Iran revs up for auto revolution

TEHRAN, Iran — The auto giant PSA Peugeot Citroen has become the first foreign company since the Jan. 16 implementation of the Joint Comprehensive Plan of Action to obtain a license from the Iranian government to invest in Iran Khodro Co. (IKCO), the biggest car manufacturer in the country. Jean-Christophe Quemard, PSA Peugeot Citroen’s executive vice president for Africa and the Middle East, said earlier this month that the next “big step” for the multinational automaker would be the creation of a joint venture this summer, the French business magazine Challenges reported April 6.

PSA Peugeot Citroen, a past IKCO partner, has just resumed deliveries of auto parts, after a four-year hiatus. Its abrupt 2012 pullout from the Iranian market as nuclear-related sanctions against Iran intensified upset Iranian authorities. The move greatly harmed the Iranian automotive industry. IKCO CEO Hashem Yekkeh-Zare said in an interview with the Islamic Consultative Assembly News Agency that to avoid similar such incidents, any foreign company interested in the Iranian market must first make an investment.

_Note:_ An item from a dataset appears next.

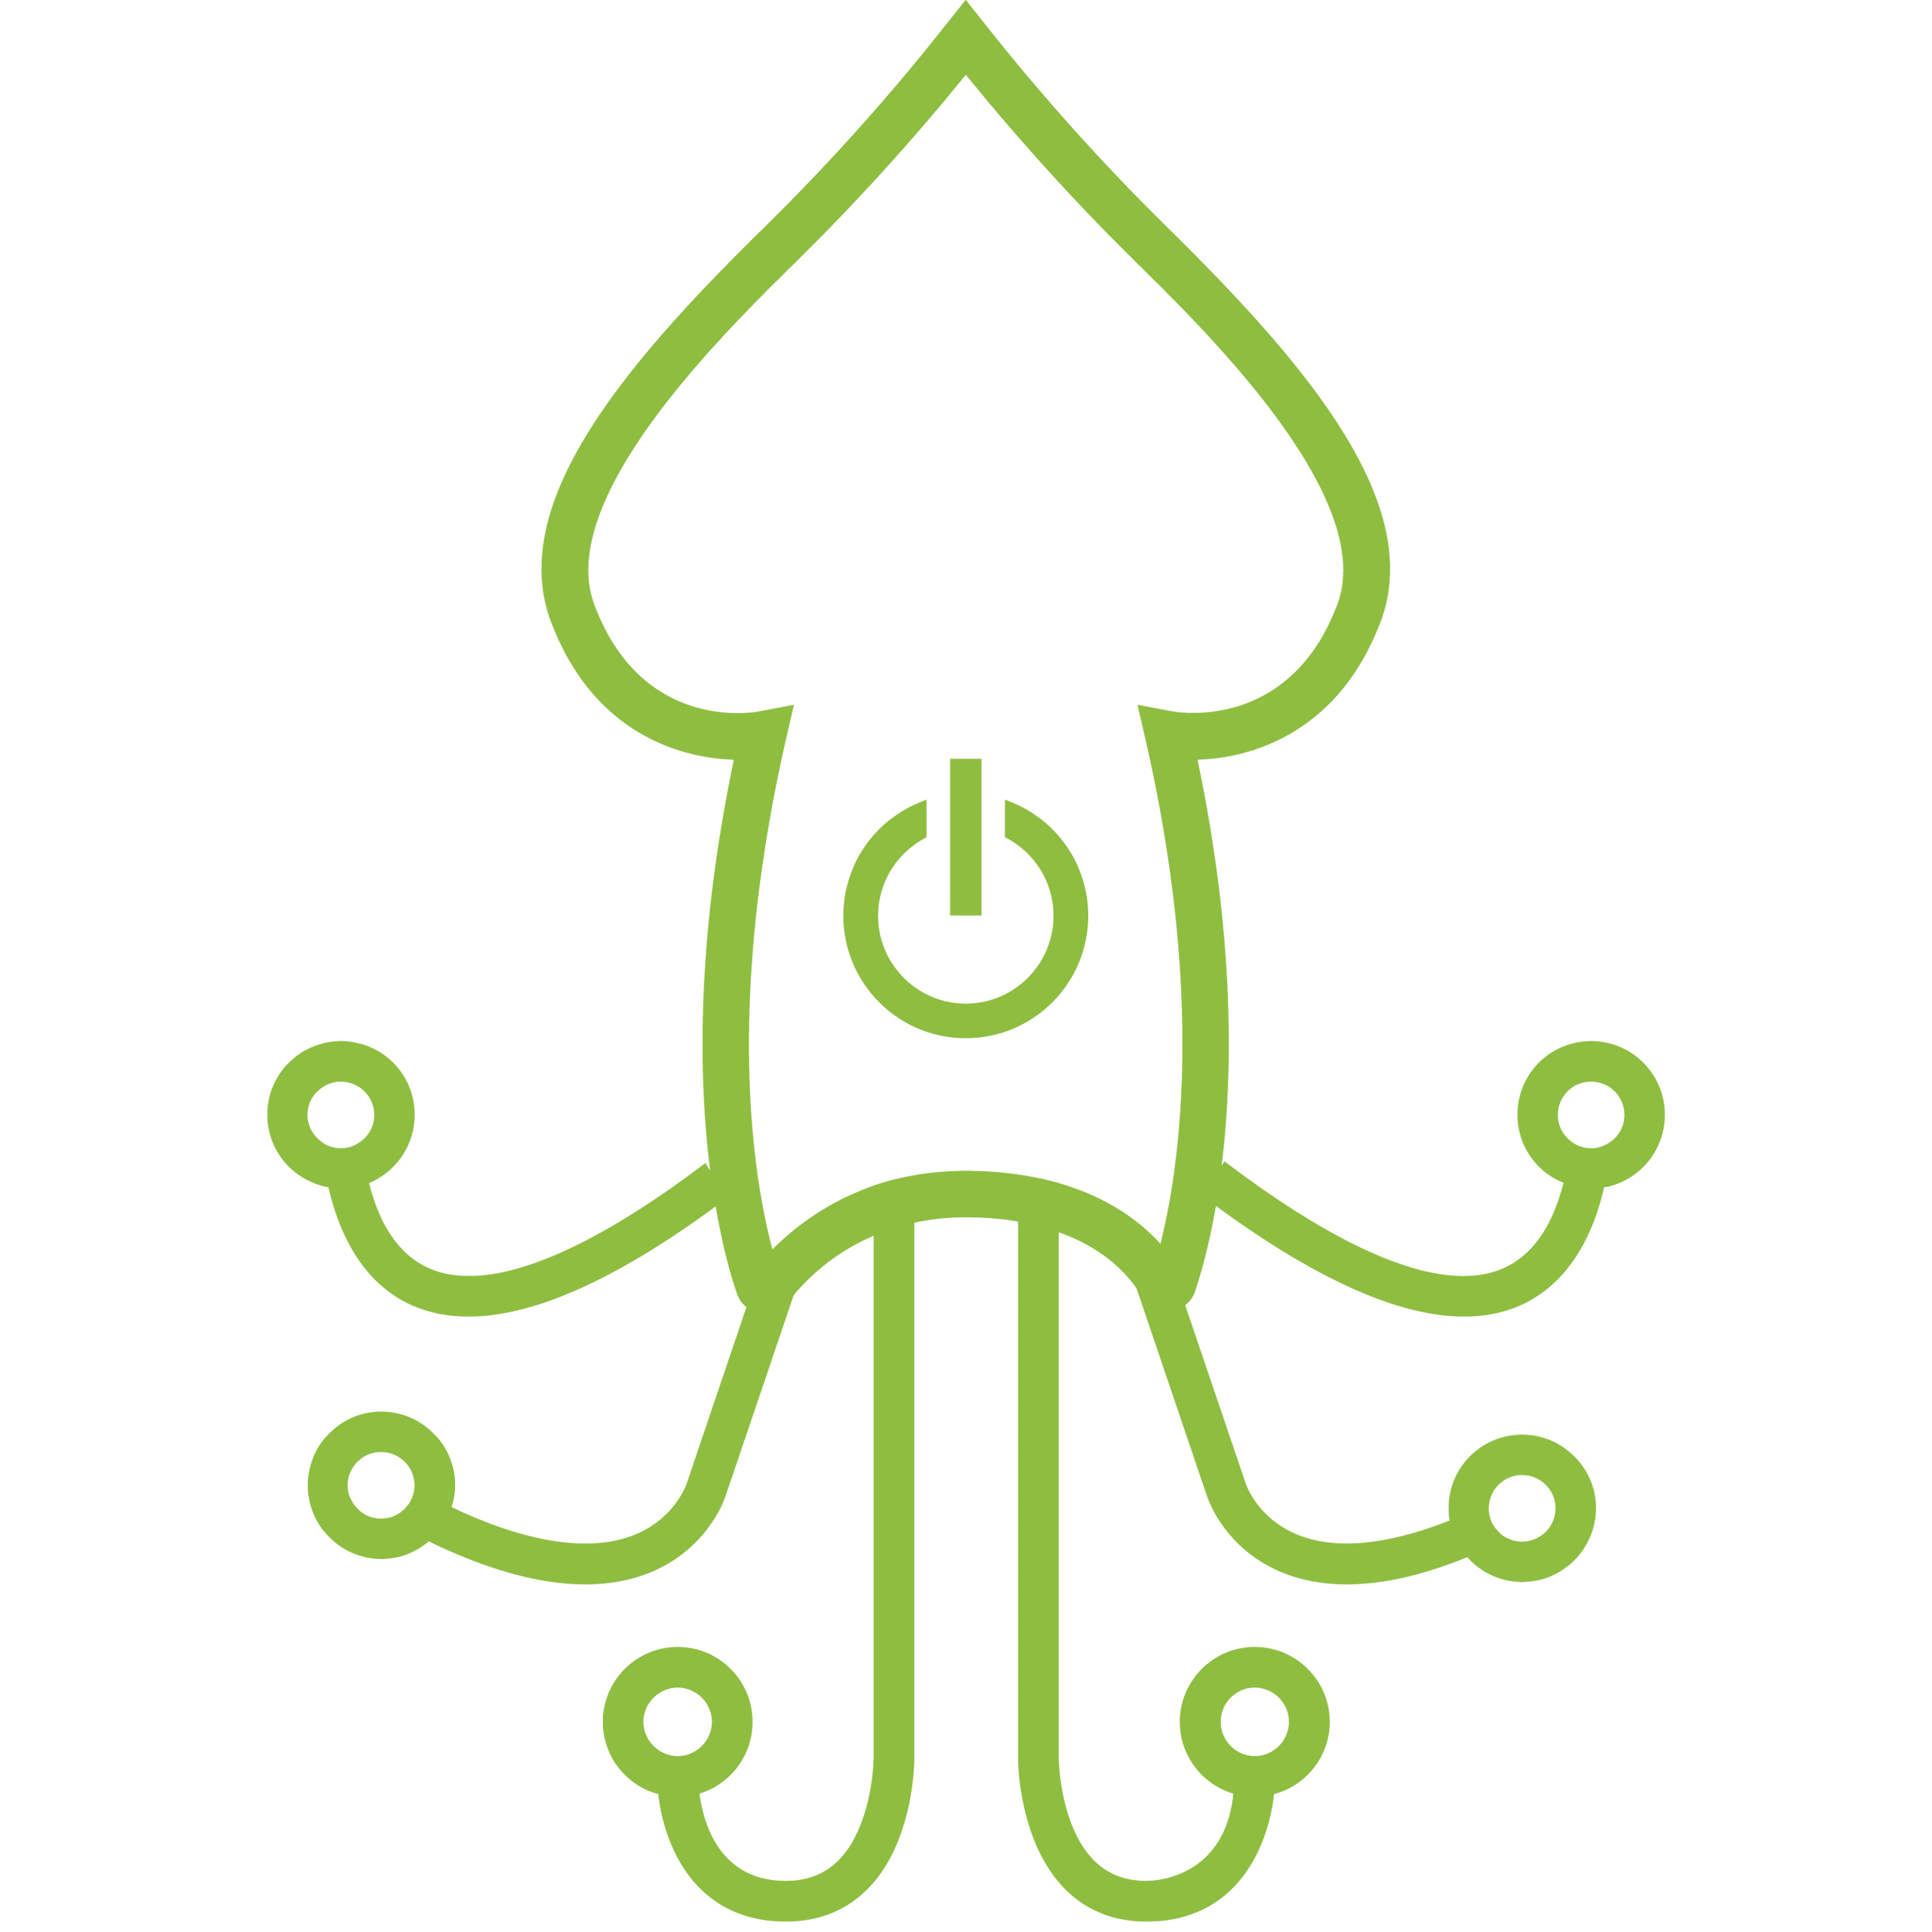 Stylized squid logo with 6 arms that mimic circuit board tracer wires.

IKCO and Peugeot have apparently put aside their differences and agreed that each will hold a 50% stake in a 400 million euro ($452 million) joint venture to produce Peugeot 208, 2008 and 301 models over the next five years. Under the agreement, the Iranians will fill the CEO position in the joint company while the French side will chair the board. The Iranians have required that manufacturing technology be transferred over the course of a few years, a policy implemented by President Hassan Rouhani’s administration as a prerequisite for any industrial partnership. Iran hopes this strategy will bring an end to the economic ostracism imposed on it by the West over the past decade.

Despite Iran’s investment conditions, Peugeot officials have expressed happiness over the recent deal, with Quemard calling it a win-win contract. Their satisfaction may partly be due to a likely 15% hike in car production by the end of the current Iranian calendar year, until March 20, 2017. If forecasts hold true, Iran will produce more than 1 million vehicles by year-end, although the figure will still be far lower than the record-setting 1.6 million vehicles produced in 2011. IKCO will be responsible for about half of the output.